Title: Message
Volokh, Eugene wrote:
    Hmm -- as I understand it, this isn't a simple religious accommodation claim, in which an RA claims an exemption from a generally applicable rule (no meetings of ideological groups in your dorm rooms).  This is a claim that the government is discriminating against religious groups; you can organize meetings of the Bush=Hitler Club or the Socialist Youth League in your dormroom, regardless of whether this causes some students to feel that you're "unapproachable," but you can't organize Bible Study meetings.
 
    Incidentally, to the extent that the state is resting its argument on its power as landlord, that argument is likely to lose under Rosenberger and Lamb's Chapel.  The state must instead, I take it, rest its argument on its power as employer.  And when one sees the state as employer, it seems hard to distinguish the "approachability" effects of a student's being widely known as a Christian because of his outside-the-dorm-room activities (for instance, his being known to be the leader of a Christian student group that meets in a classroom after hours, or even his being known to be an ordained minister) from the approachability effects of a student's being known as a Christian because of his in-dorm-room activity.  If the government-as-employer's concerns about approachability justify discriminating against religious practices of students in dorm rooms, would they equally allow the government to, for instance, refuse to hire as RAs people who are known to be active in their religious groups outside the dorm or off-campus?

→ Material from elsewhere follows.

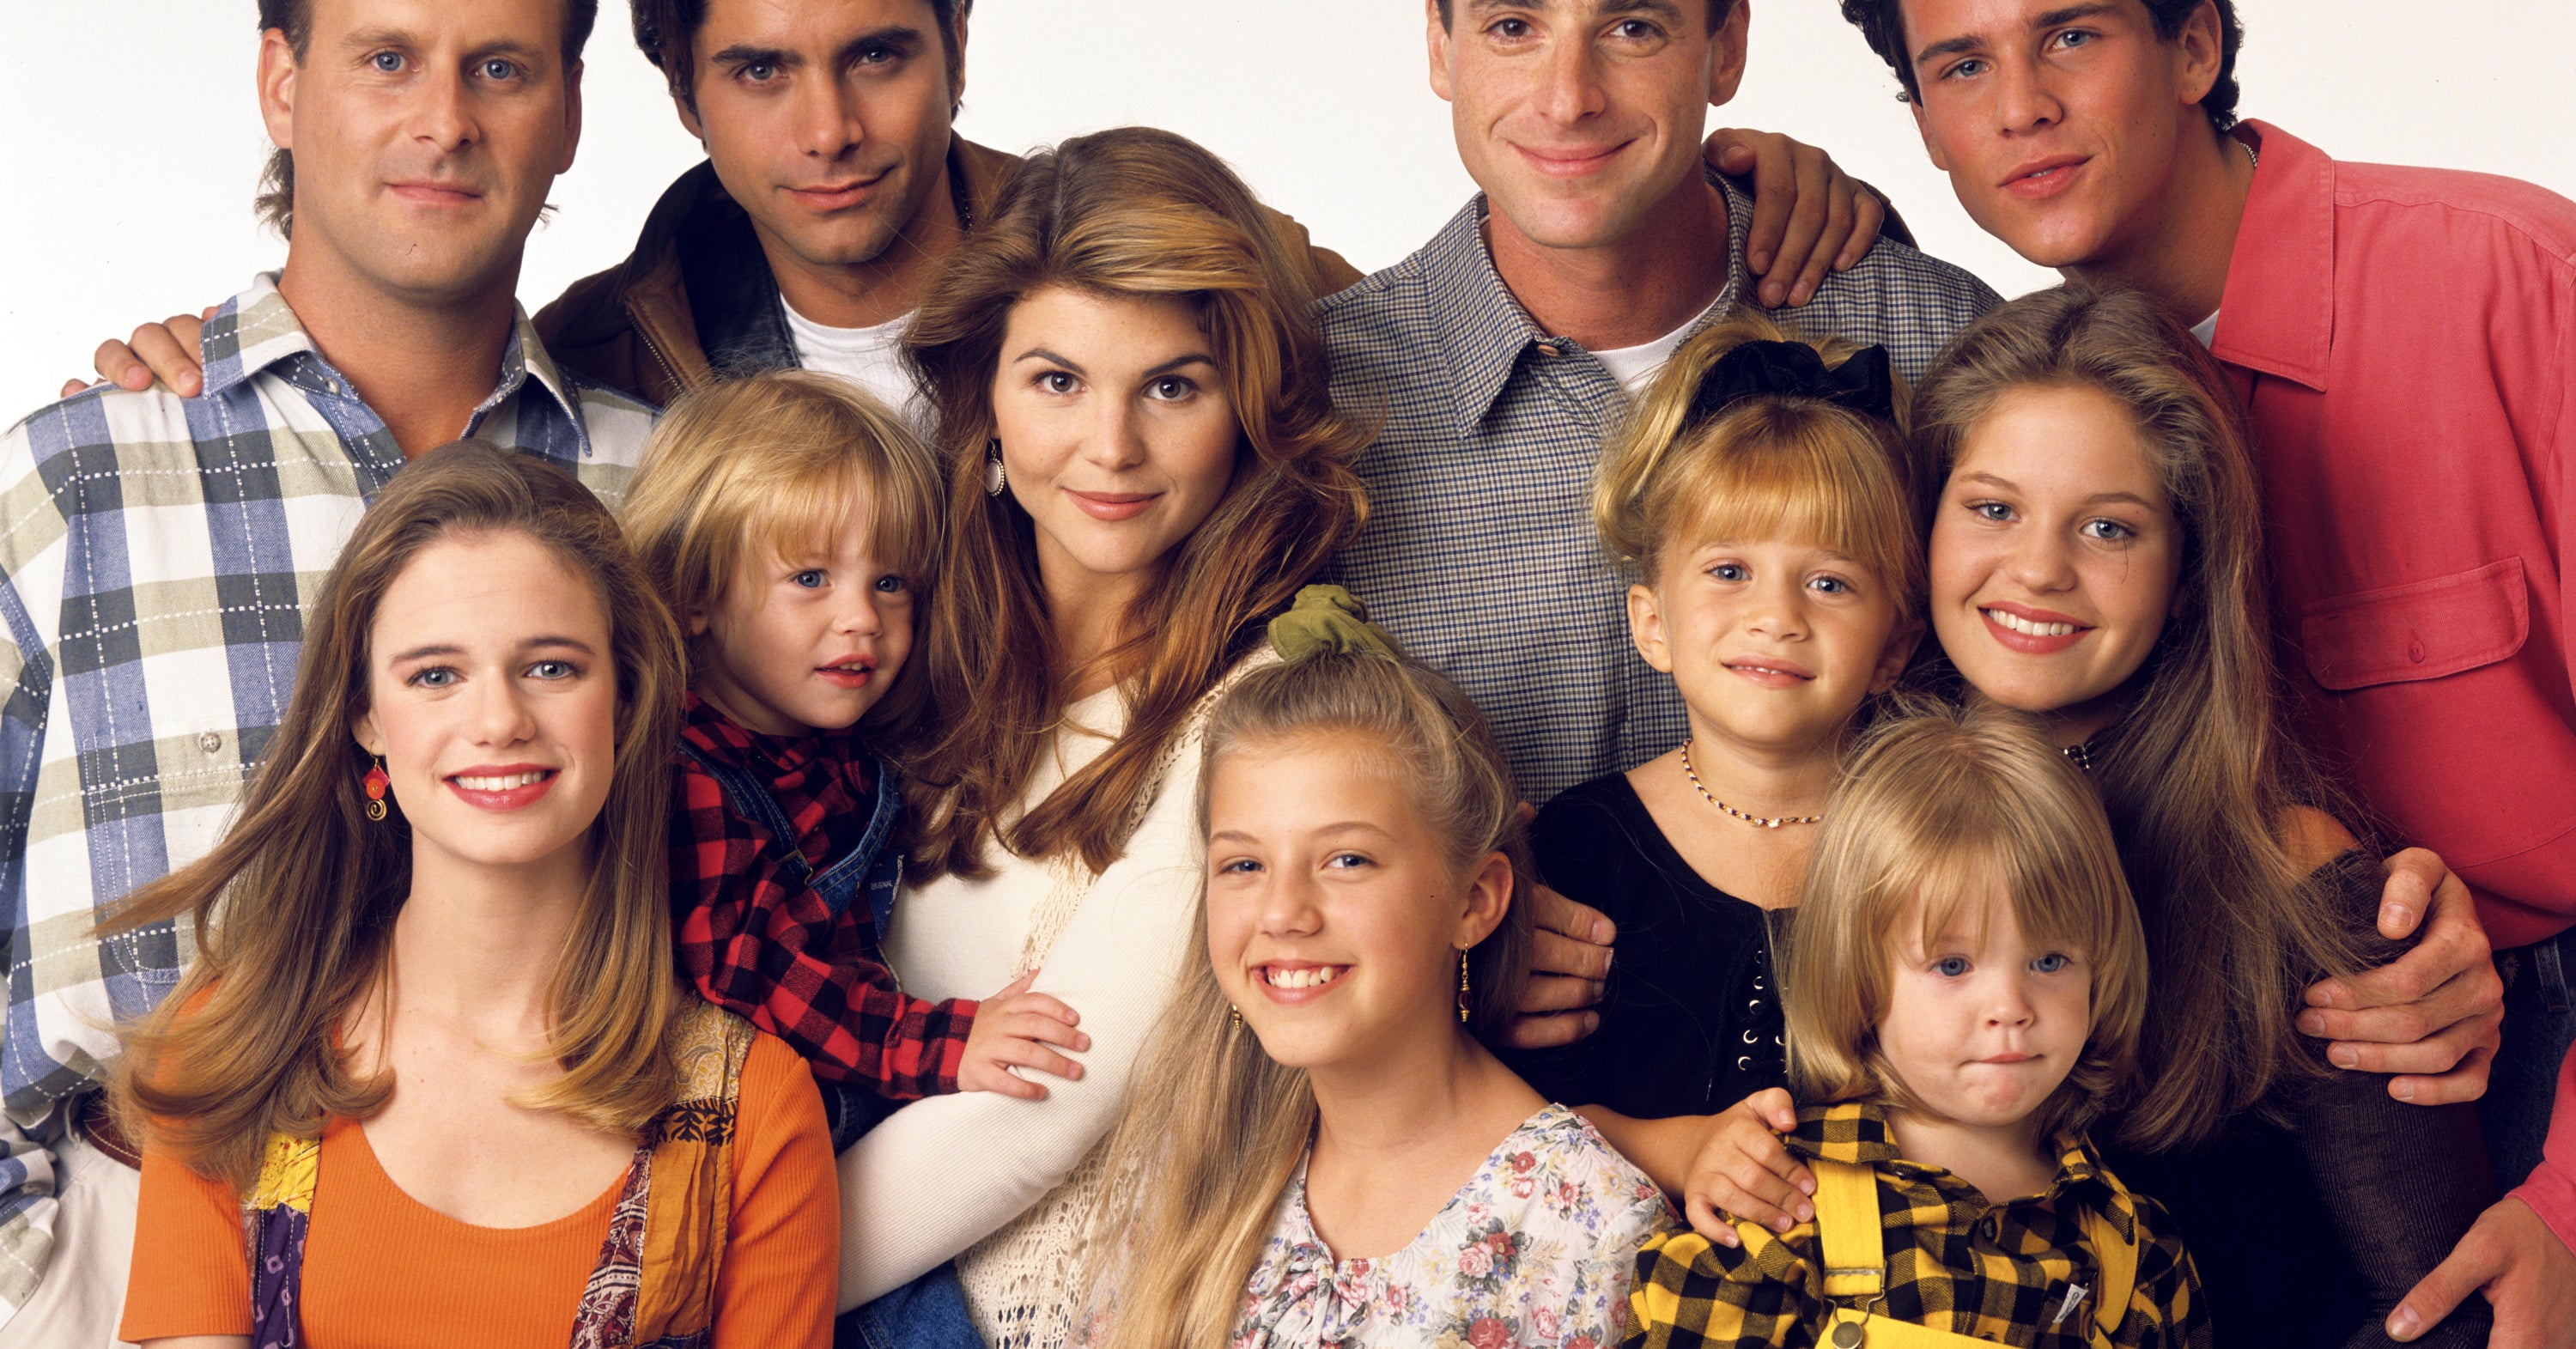 The "Full House" Cast Finally Reunited With Mary-Kate And Ashley Olsen, And The Photo Will Warm Your Heart
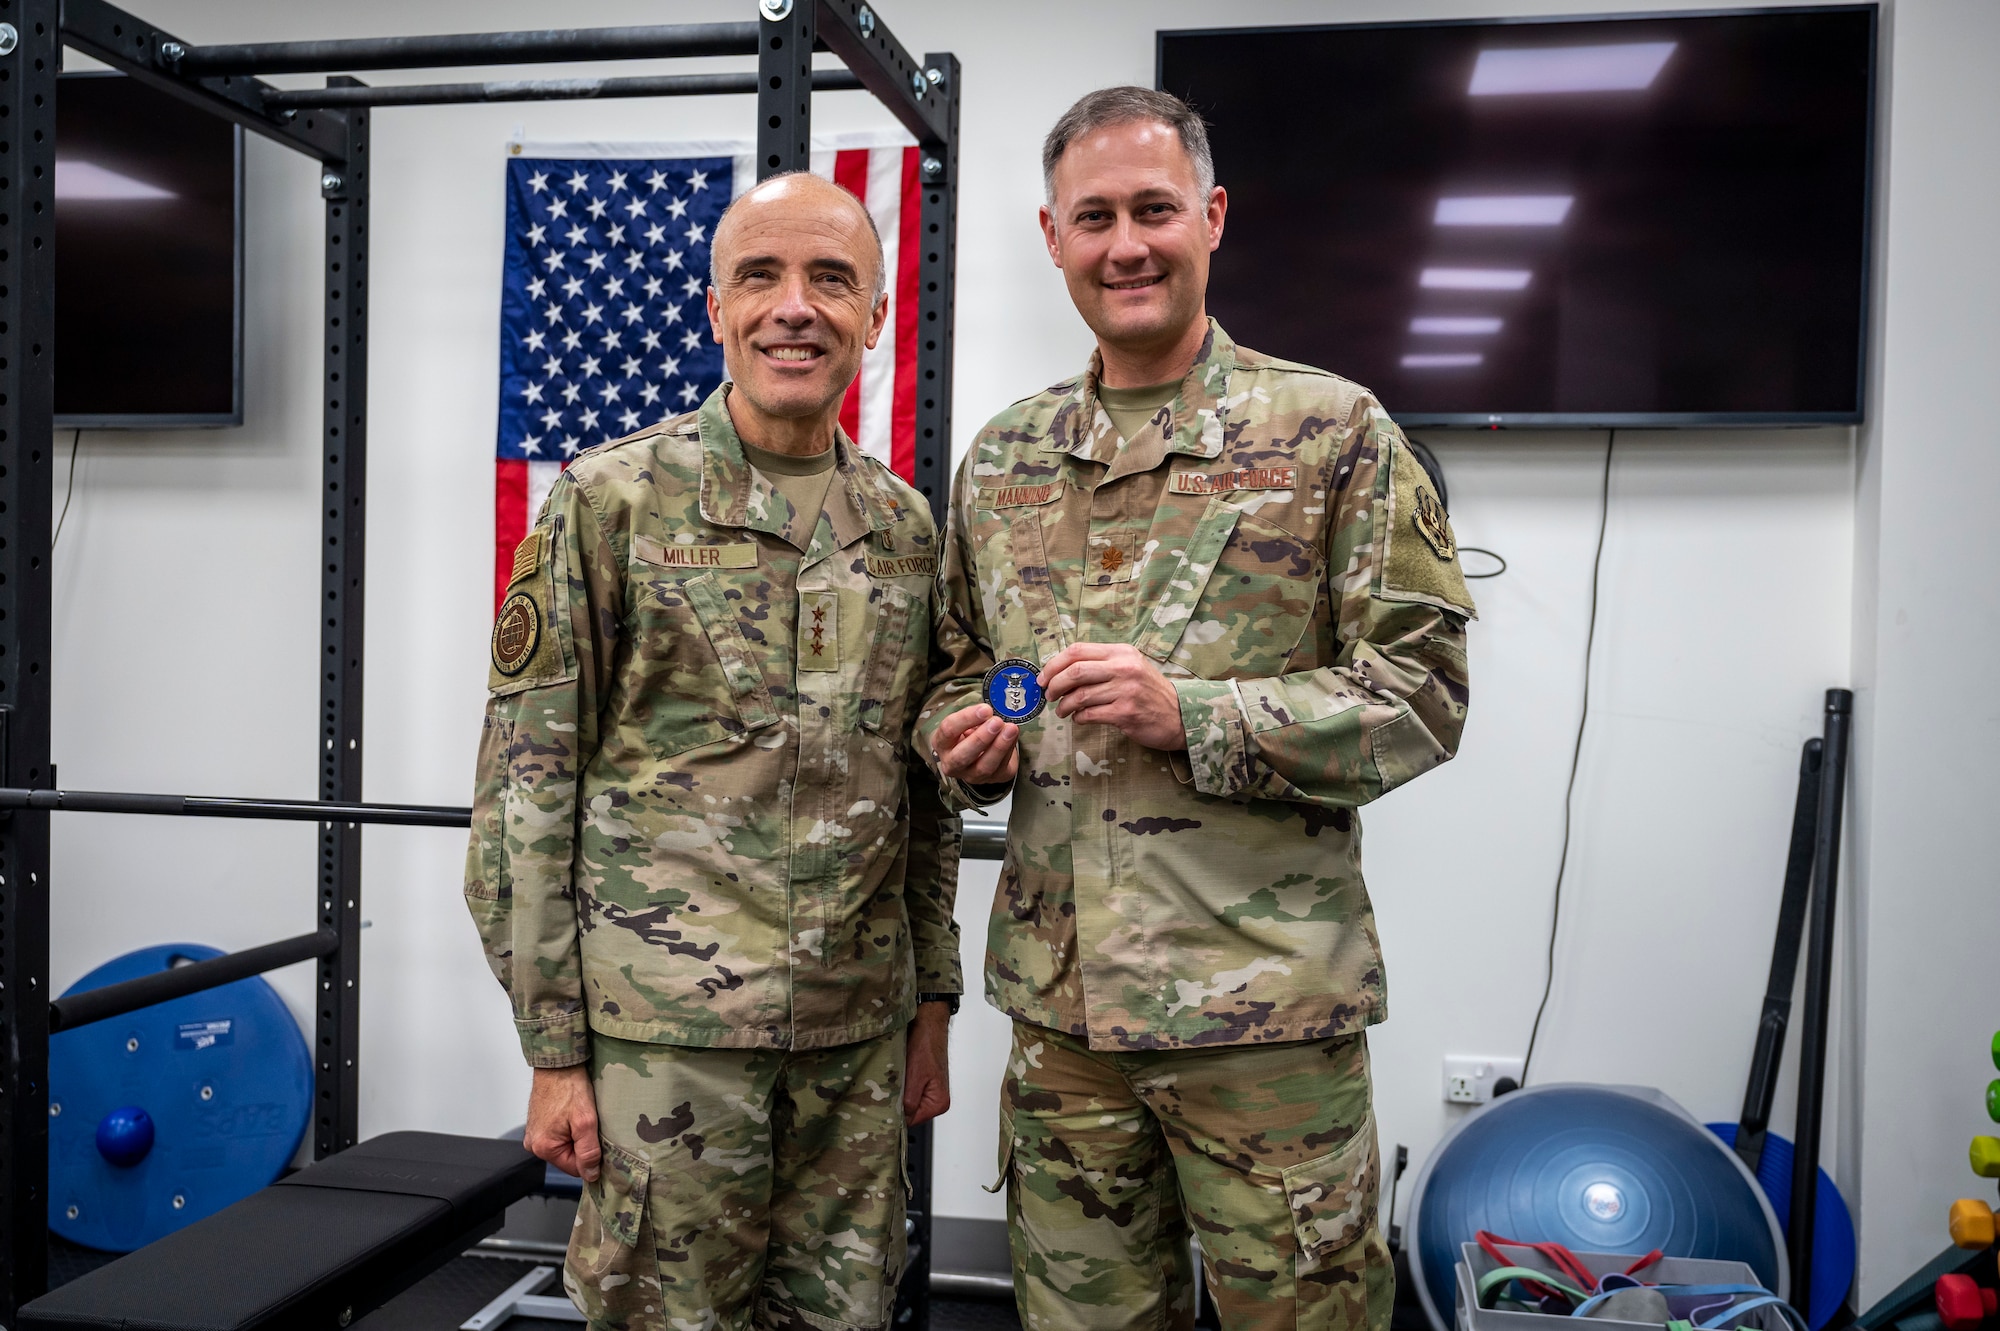 Two military members pose for a photo displaying a coin.

Or to take it a step further, what about non-religious activities that might have the same effect? By the same reasoning, if an RA were an officer in the College Democrats, couldn't that just as reasonably make him less "approachable" to Republican students? Or let's say rather than a bible study, he had a small humanist book club that met in his room to discuss books. Wouldn't that make him less "approachable" to religious students? It seems to me that the university is singling out bible studies from a long list of in-room and out-of-room activities that an RA might be involved with that might make them less "approachable" in the perceptions of other students in the dorm.